* **TASK TO COMPLETE**
Begin at the line containing "We&rsquo;ve had the" in the records below, end at the line containing "#bakery #cakedecorating #cakelover", and retype each line in that span exactly. No other line and no image should appear.

* **DATA RECORDS**
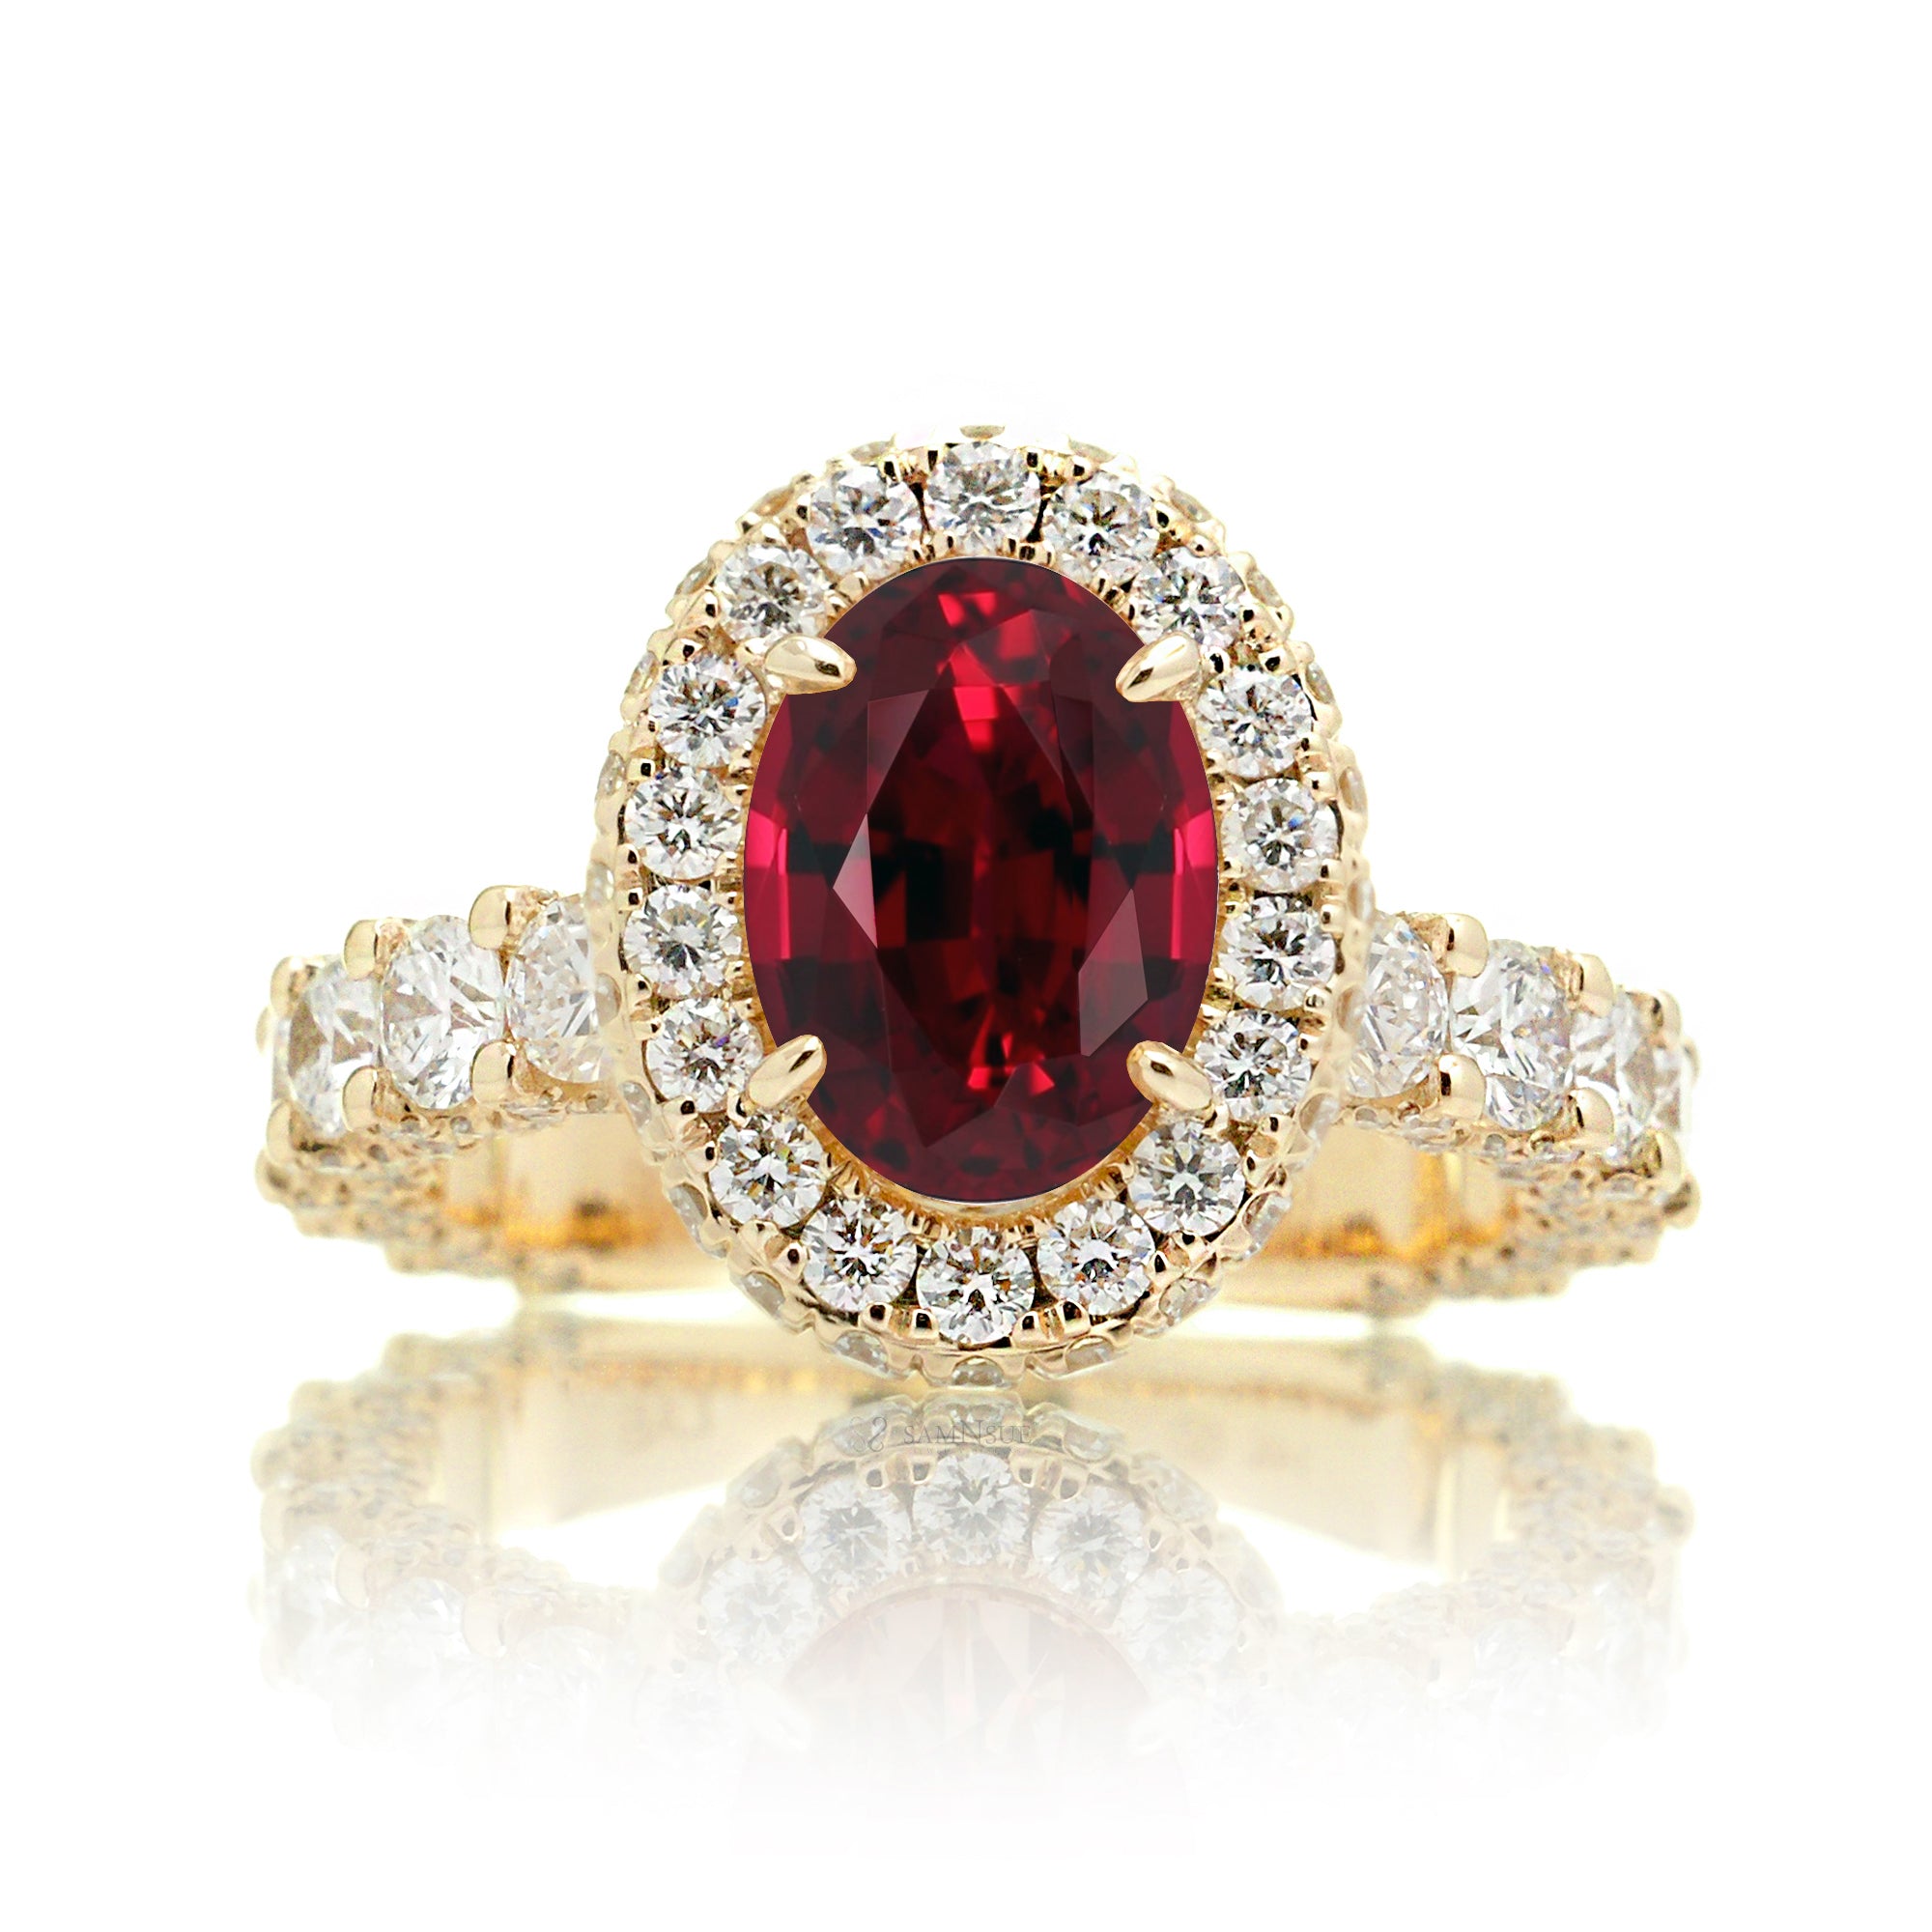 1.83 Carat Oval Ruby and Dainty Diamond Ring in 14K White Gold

* * *

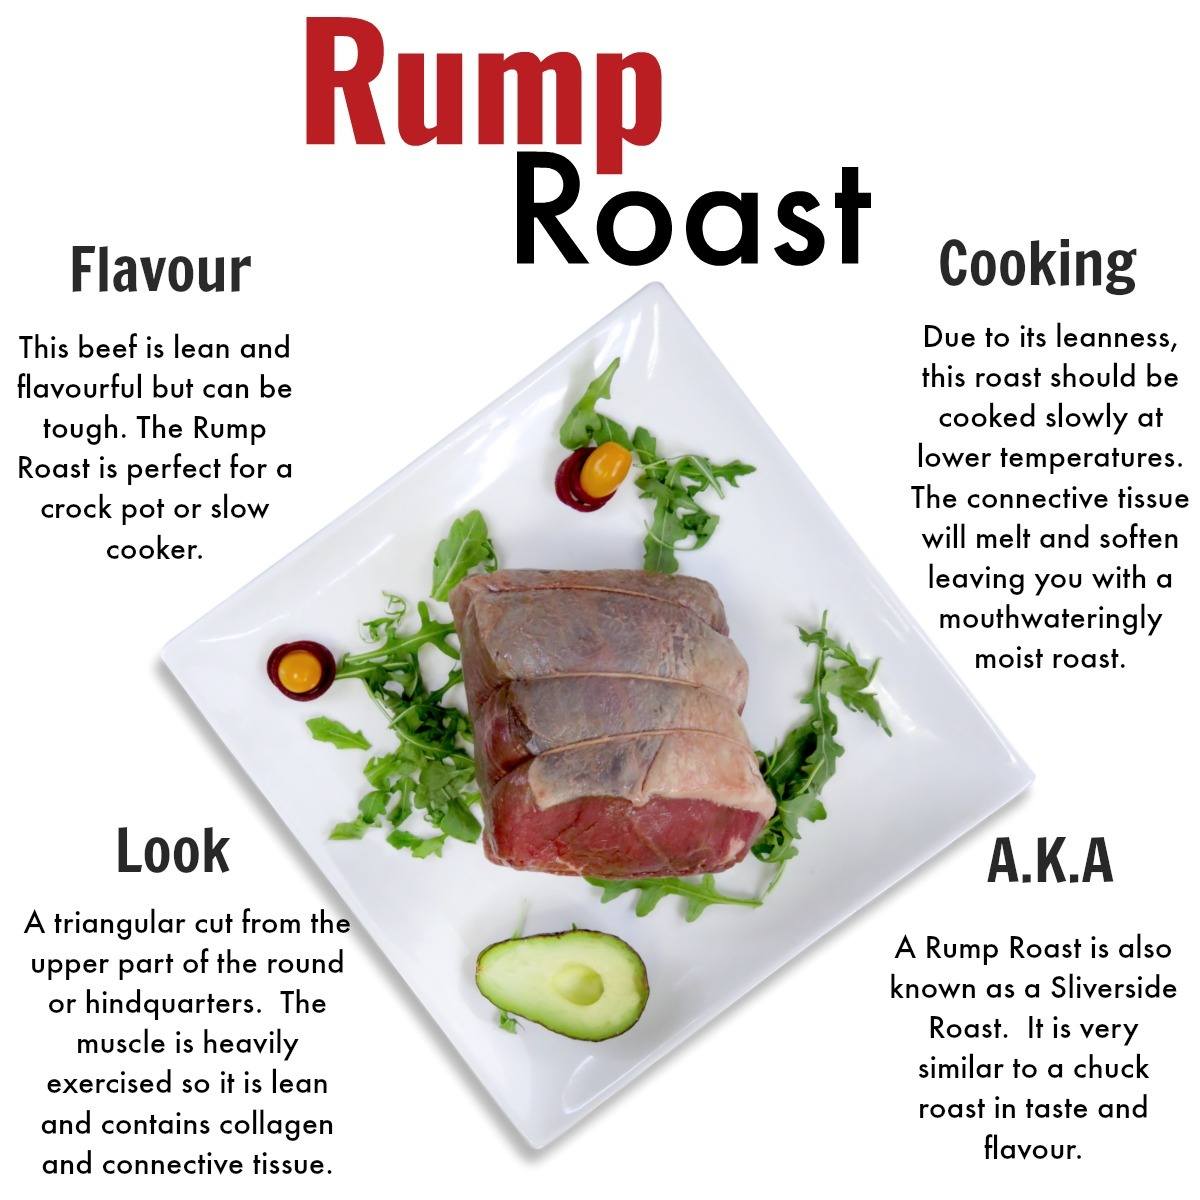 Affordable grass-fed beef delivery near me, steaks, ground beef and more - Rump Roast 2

--

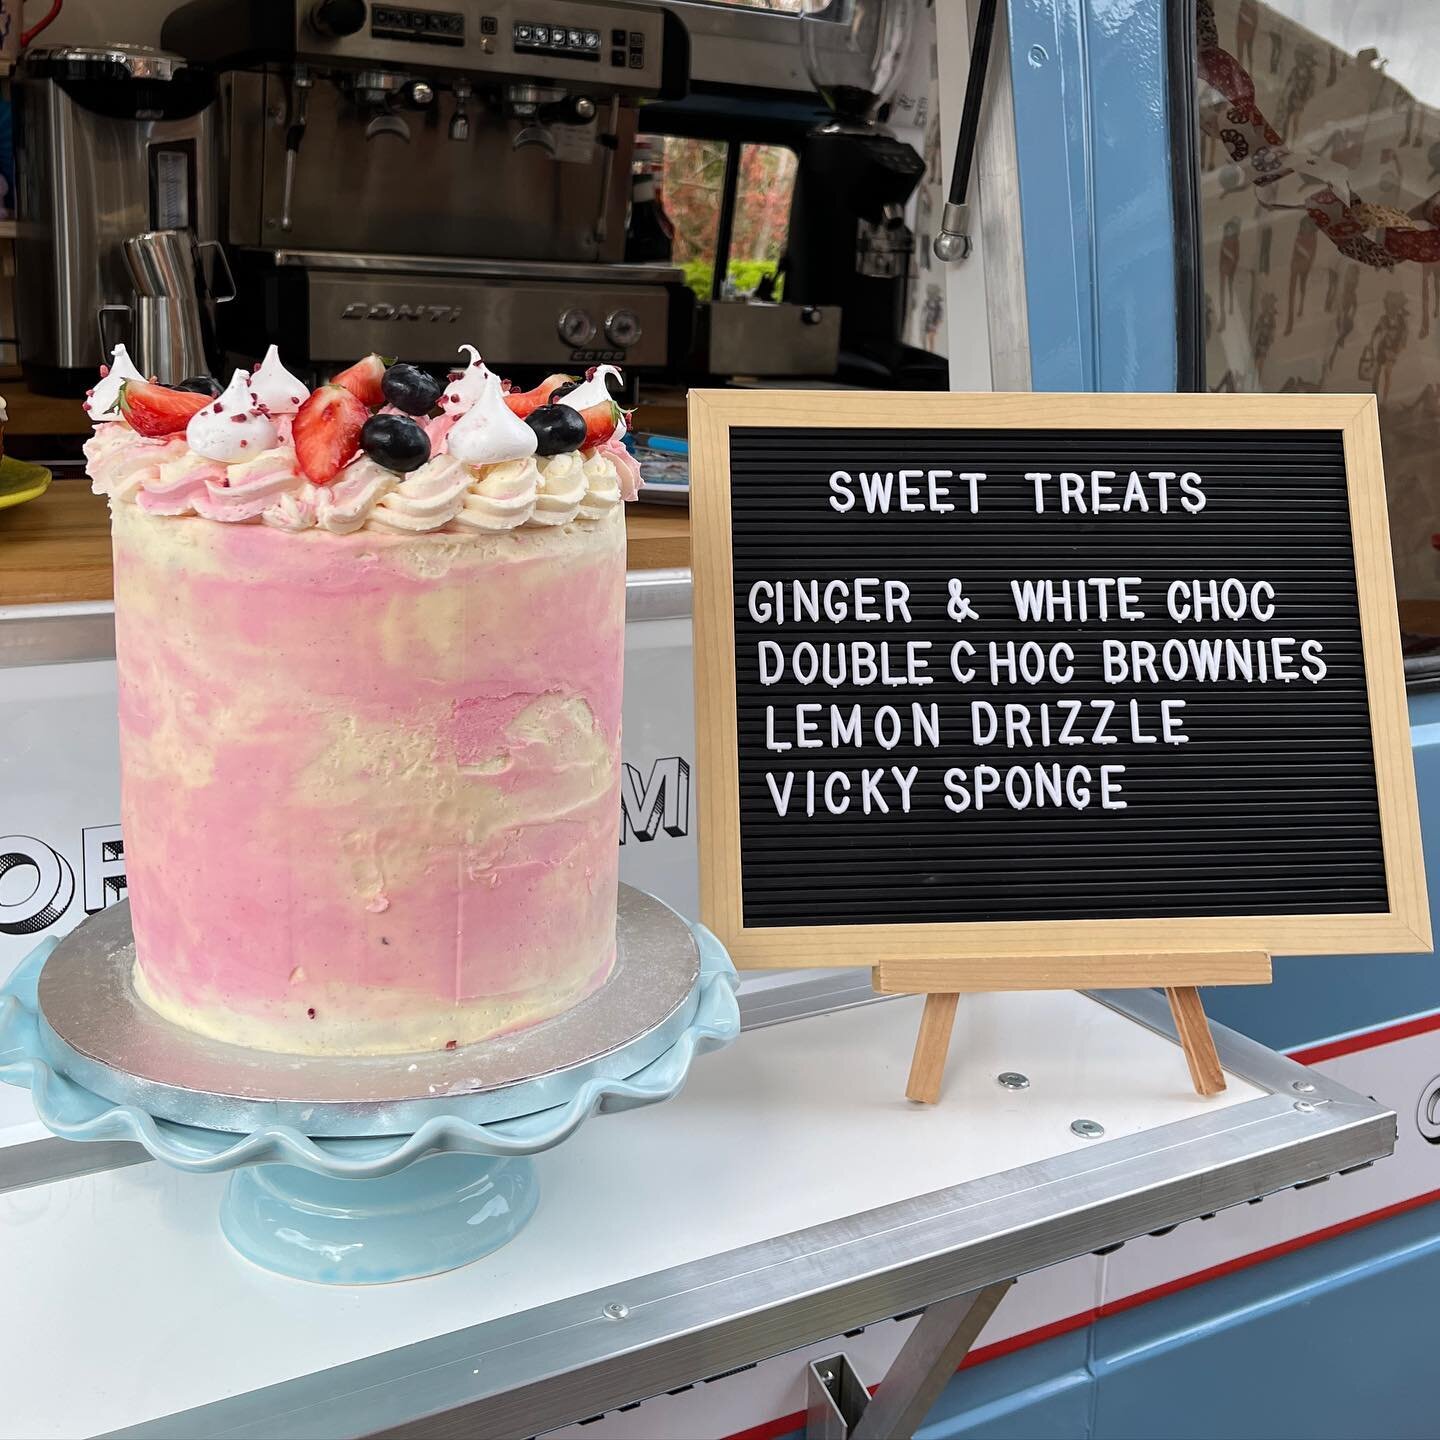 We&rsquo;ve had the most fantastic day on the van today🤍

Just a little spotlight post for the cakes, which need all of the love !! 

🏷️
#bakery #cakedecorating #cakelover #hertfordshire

* **EXERCISE RESULT**
 We&rsquo;ve had the most fantastic day on the van today🤍

Just a little spotlight post for the cakes, which need all of the love !! 

🏷️
#bakery #cakedecorating #cakelover #hertfordshire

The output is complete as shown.